» Provided records:

BEGIN

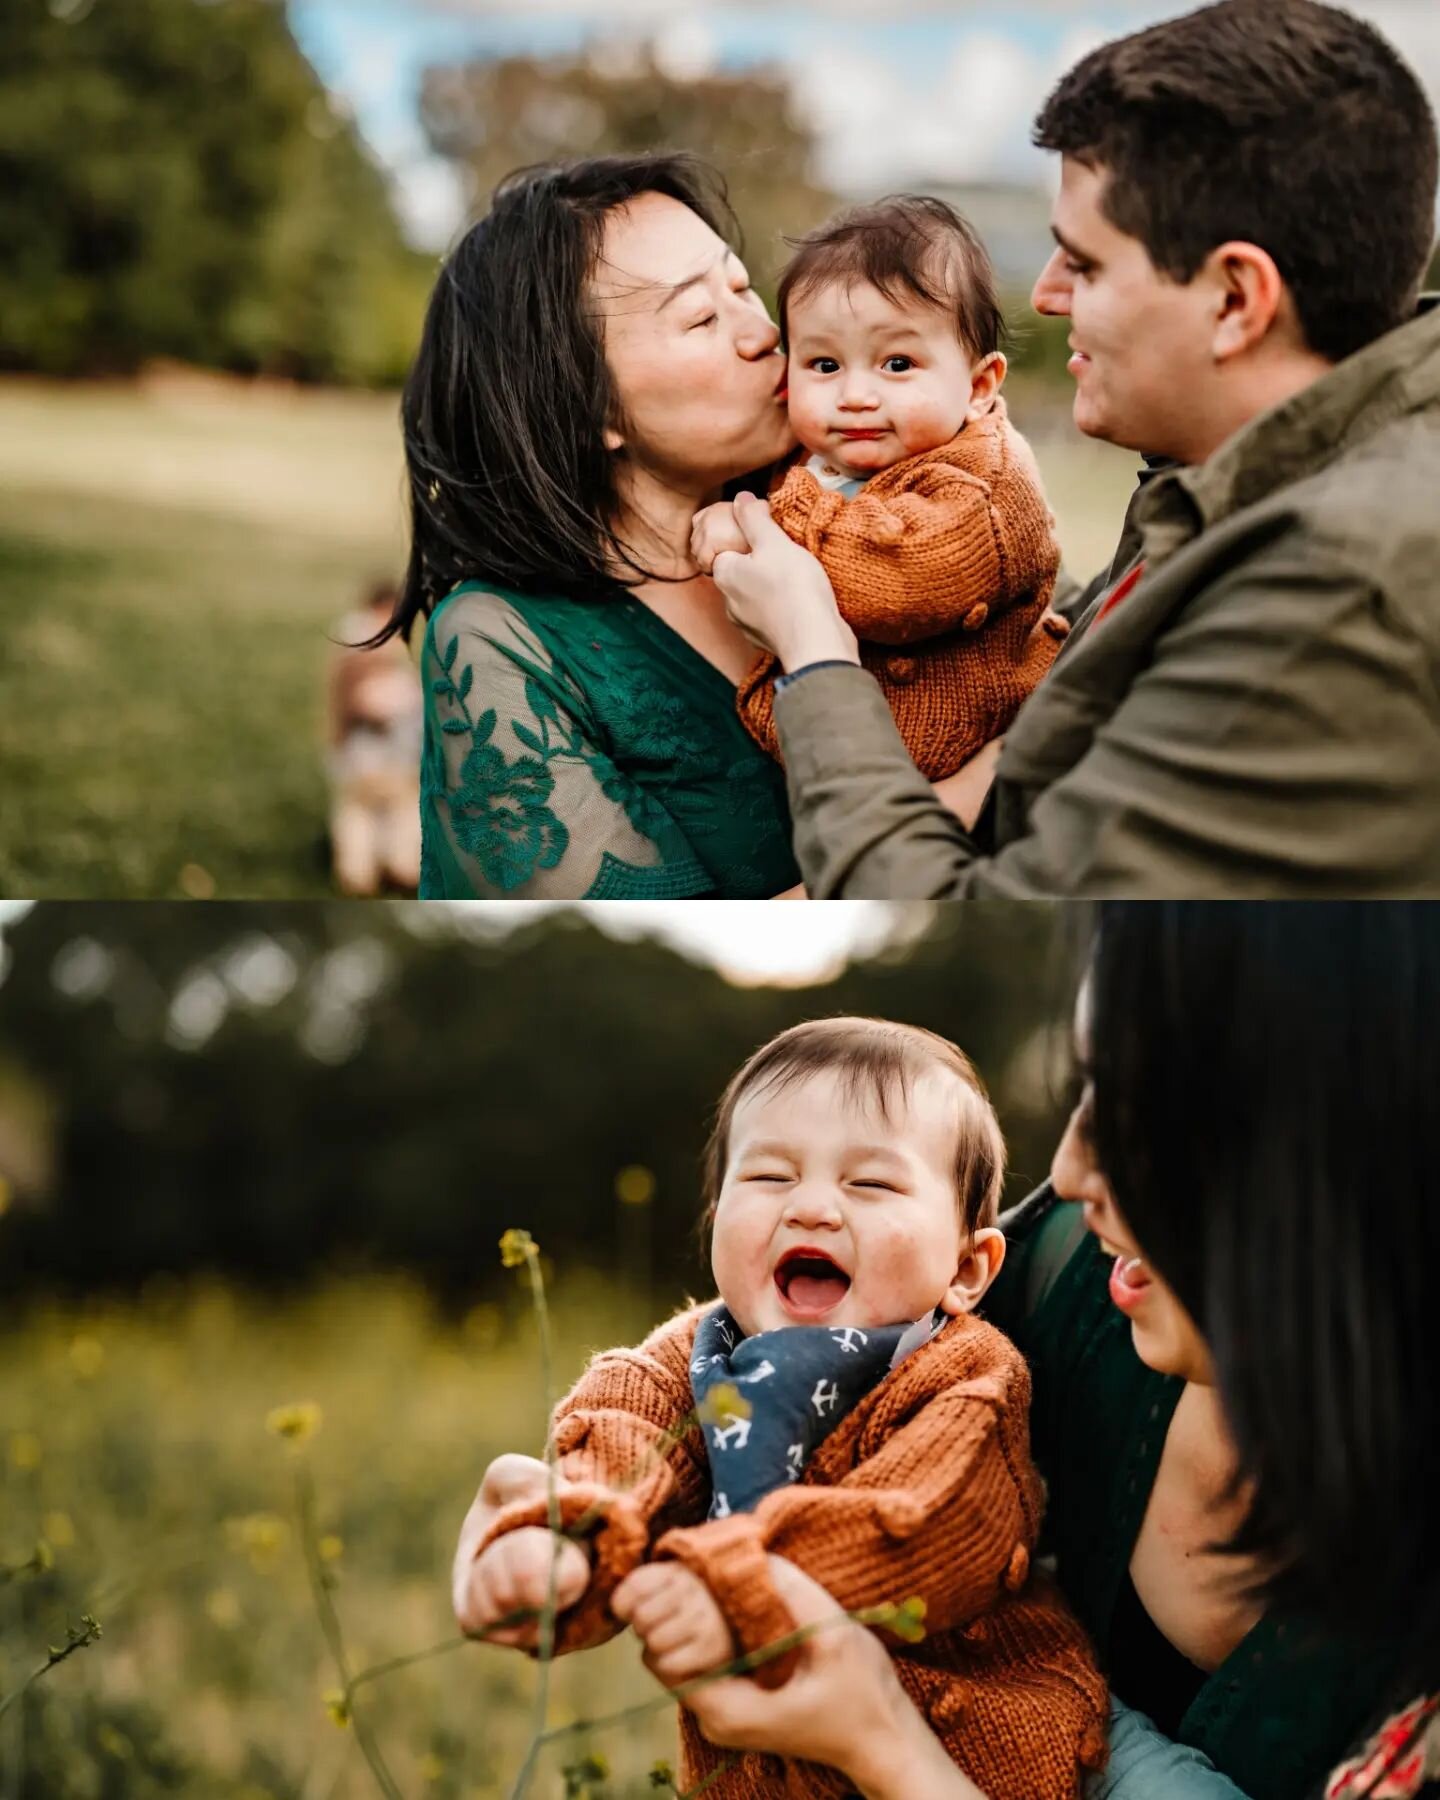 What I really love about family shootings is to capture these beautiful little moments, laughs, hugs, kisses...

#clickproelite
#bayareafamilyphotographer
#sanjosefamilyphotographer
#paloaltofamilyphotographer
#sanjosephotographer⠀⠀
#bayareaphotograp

END
BEGIN

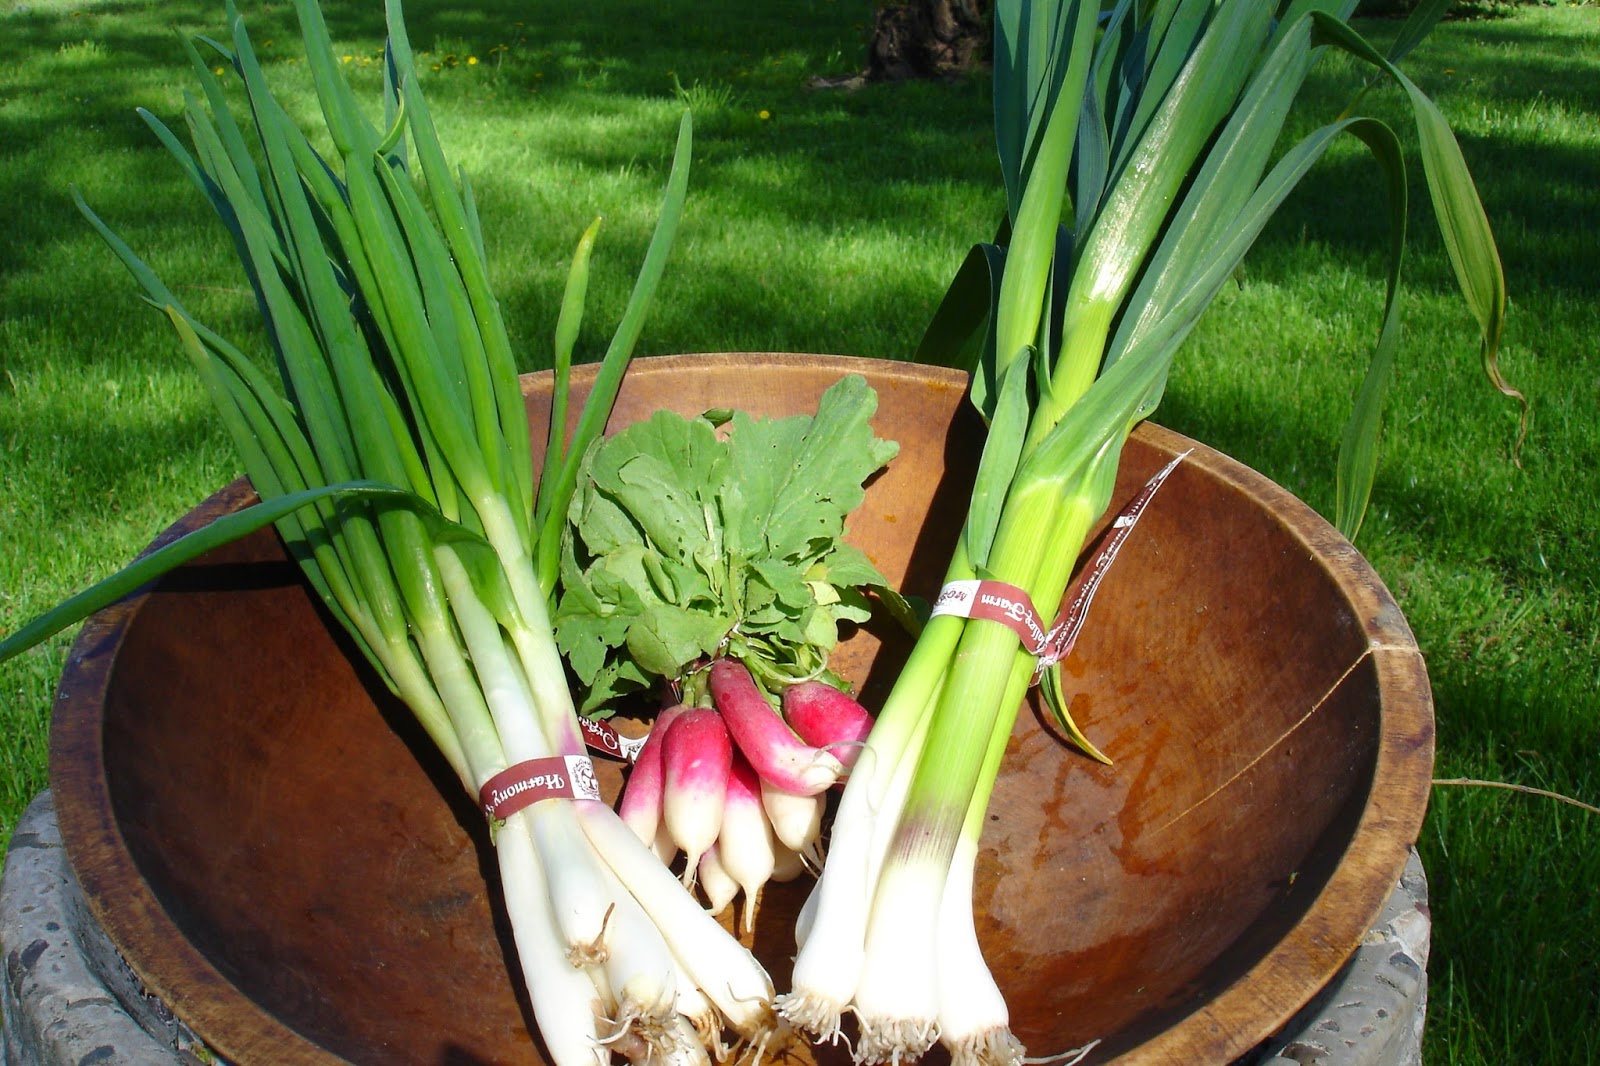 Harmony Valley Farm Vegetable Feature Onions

END
BEGIN

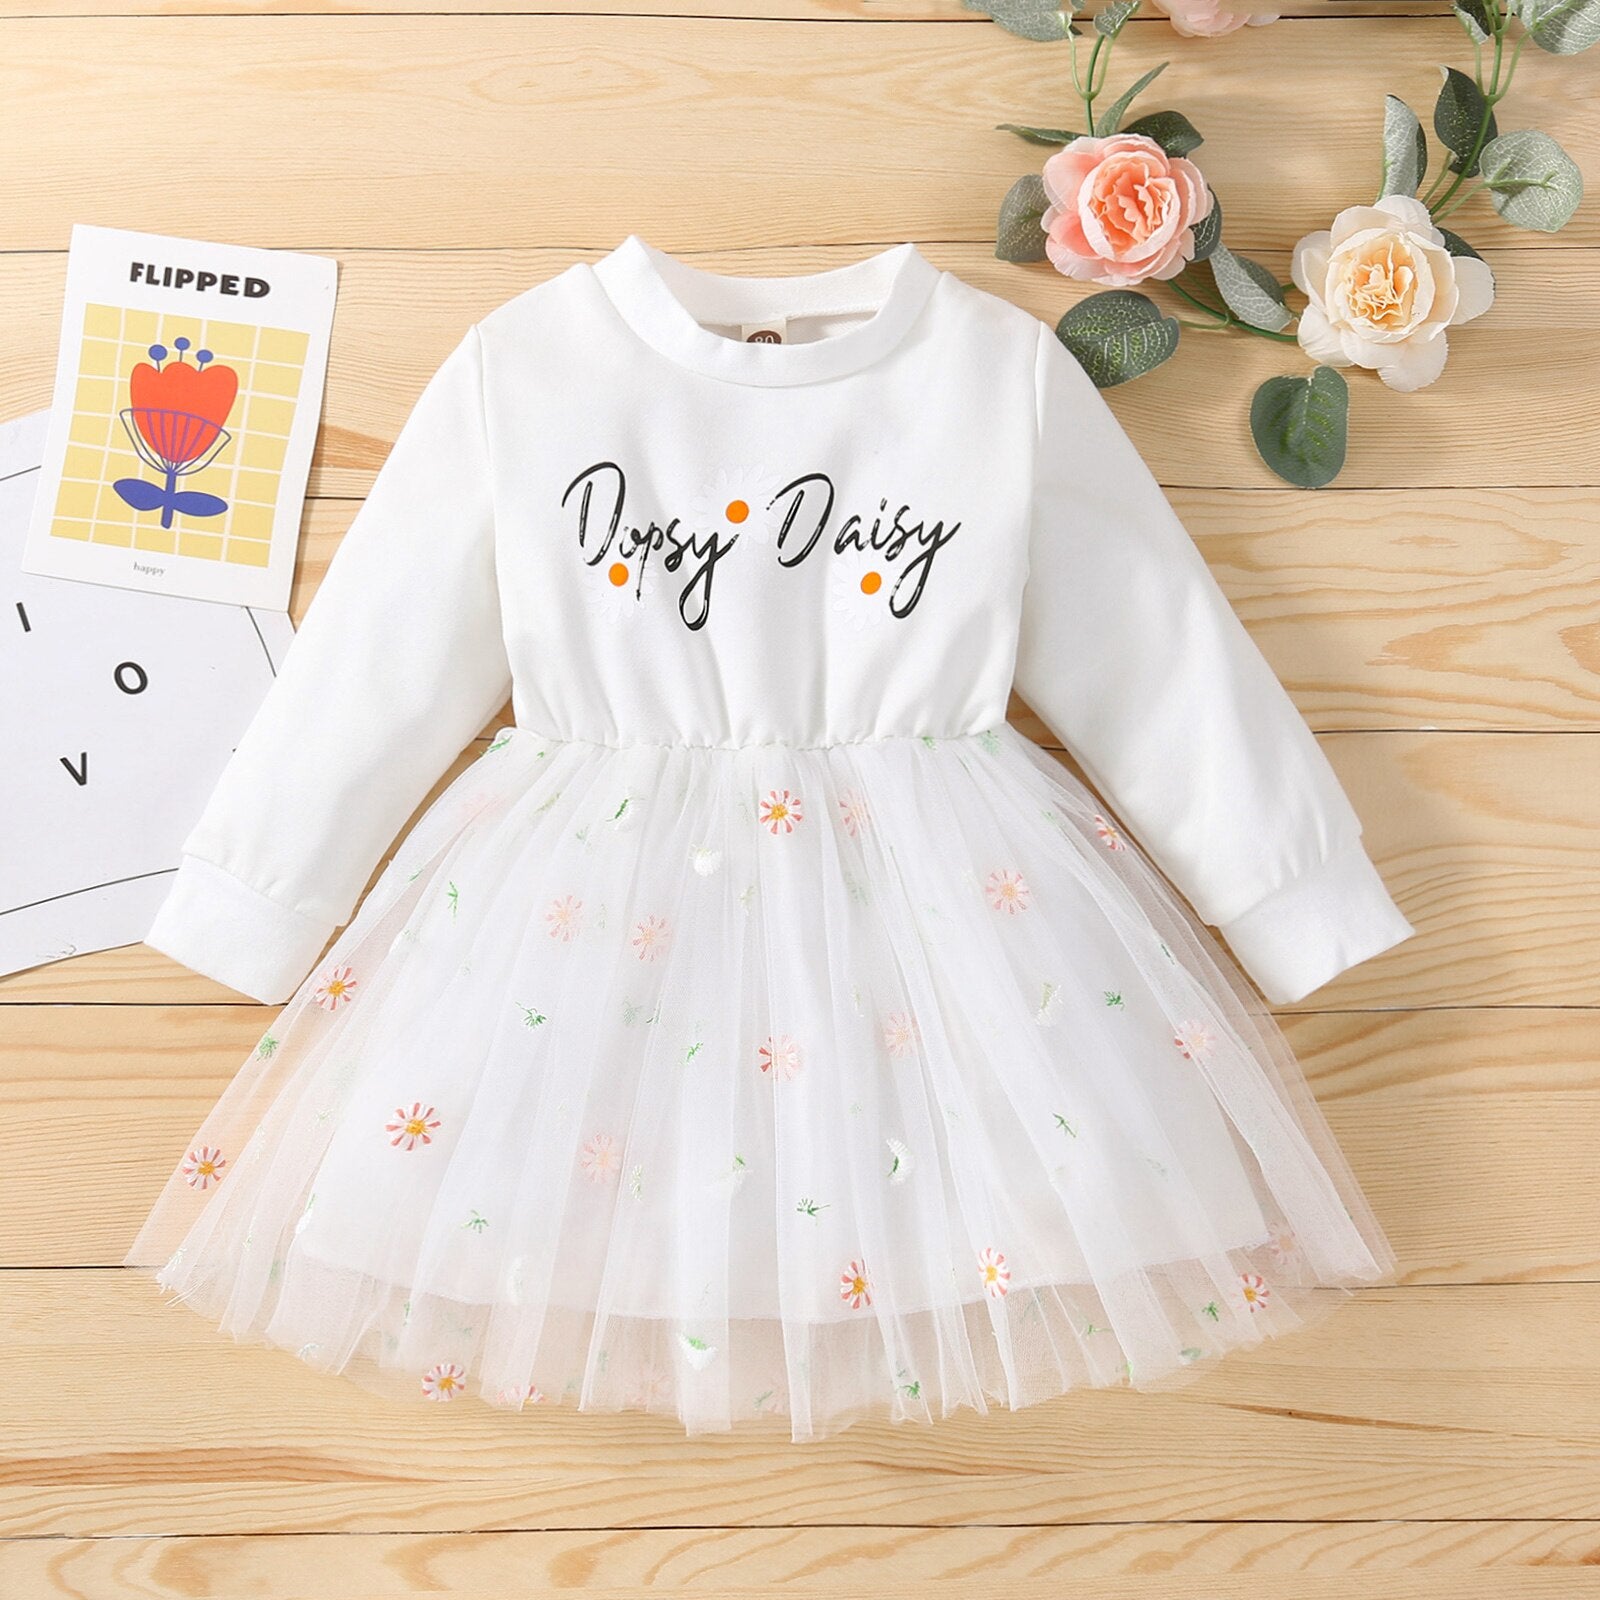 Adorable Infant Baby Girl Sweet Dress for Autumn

END

» What is being asked:
Set the pictures aside and reproduce exactly the lines above, from the line holding "What I really" through the line holding "#bayareaphotograp", both included, with nothing else.

» Your solution:
 What I really love about family shootings is to capture these beautiful little moments, laughs, hugs, kisses...

#clickproelite
#bayareafamilyphotographer
#sanjosefamilyphotographer
#paloaltofamilyphotographer
#sanjosephotographer⠀⠀
#bayareaphotograp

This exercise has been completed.